I've contacted my local MP who has agreed that my situation is compelling and compassionate.

NOTHING IS BEING DONE!

(sorry for the caps)

My daughter has never met her father, I've been diagnosed with depression and I'm about to give birth without my husband by my side!


Please give me advice.... I feel like I've tried everything and done all that I can do... Is there anything else you would suggest?

Also, how long do you think it will take? The embassy isn't giving me any indication whatsoever! I feel like I'm walking through a dark tunnel not knowing how much longer until I see the light


They haven't even conducted interviews or requested medical checks yet and the visa applications were submitted in Feb 2013


----------



## kmarees1986 (Apr 23, 2012)

Ash123 said:


> Hello everyone,
> 
> My story is very complex, so please bear with me as I give you a run-down....
> 
> ...


Hi Ash,

Sorry to hear about your circumstances, I know how hard it is for you.

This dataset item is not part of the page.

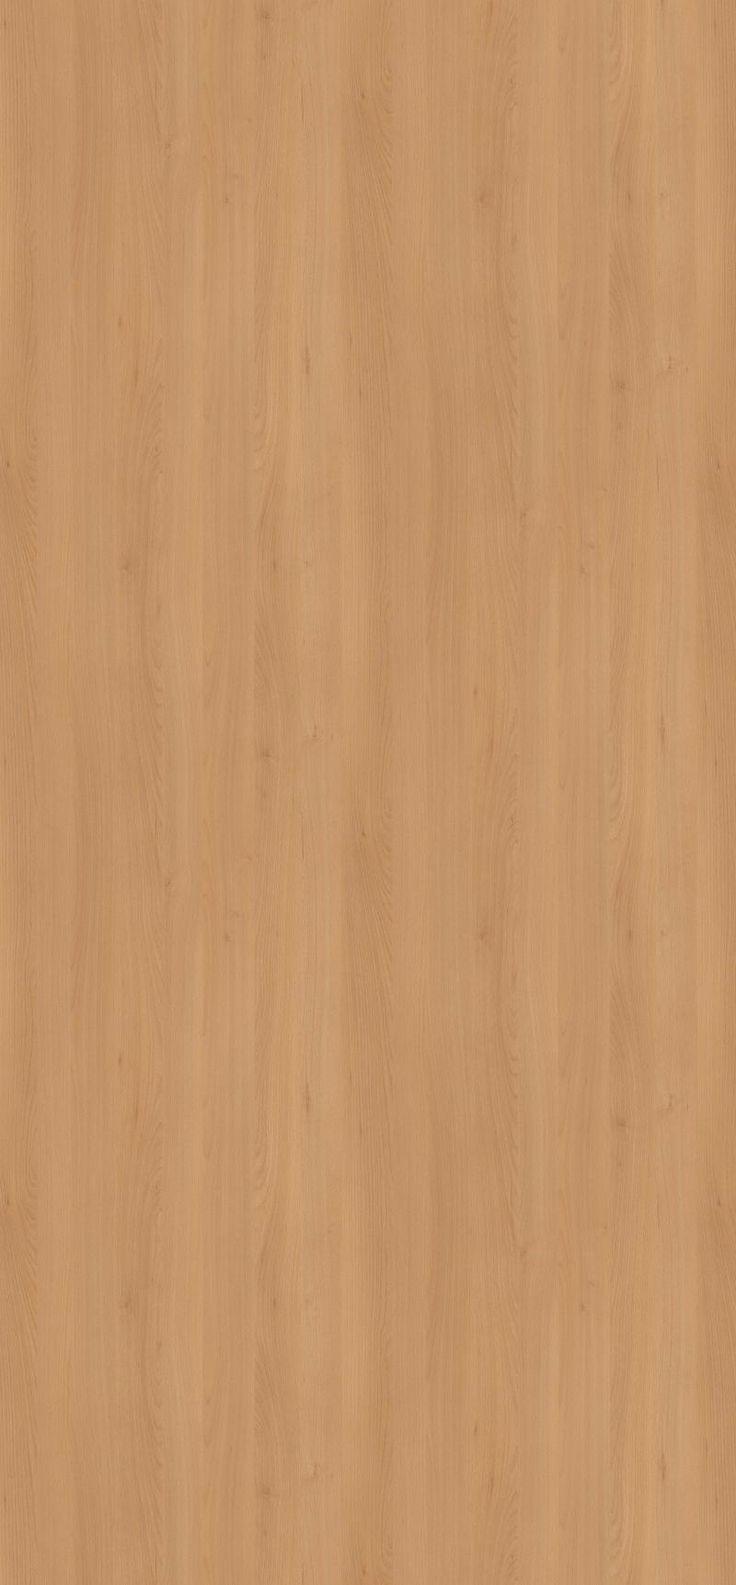 Tauren natúr bükk bútorlap H 3911 ST 9 EGGER

Having babies unfortunatly is not compelling nor compassionate reasons for visa's to be prioritised sadly. I know it hurts, but I am in the same situation in that aspect. It is stated on the immi website that they cannot use this reason to speed up the process for you, because it would be unfair to people who can't or don't want to have babies that are also going through the process: Family Migration - Questions and Answers on Processing Times



> Why isn't the impending birth of my child considered sufficiently compassionate and compelling to get the case finalised now?
> 
> We acknowledge that your personal circumstances may be difficult; however the nature of family migration is such that all cases have emotional or compassionate elements and a decision to bring forward the grant of your visa would disadvantage other applicants in circumstances which may be as equally compelling and compassionate as your own. Consequently, in the interest of fairness, applications are processed in date order.
> 
> ...


Sadly, your mental health also isn't compelling enough. There was recently a member on here who was suffering from depression and anxiety from memory and her partners visa was refused. I should point out it was refused as they didn't satisfy the relationship requirements according to the CO - so since you're married and have 1 child this is unlikley to be an issue for you.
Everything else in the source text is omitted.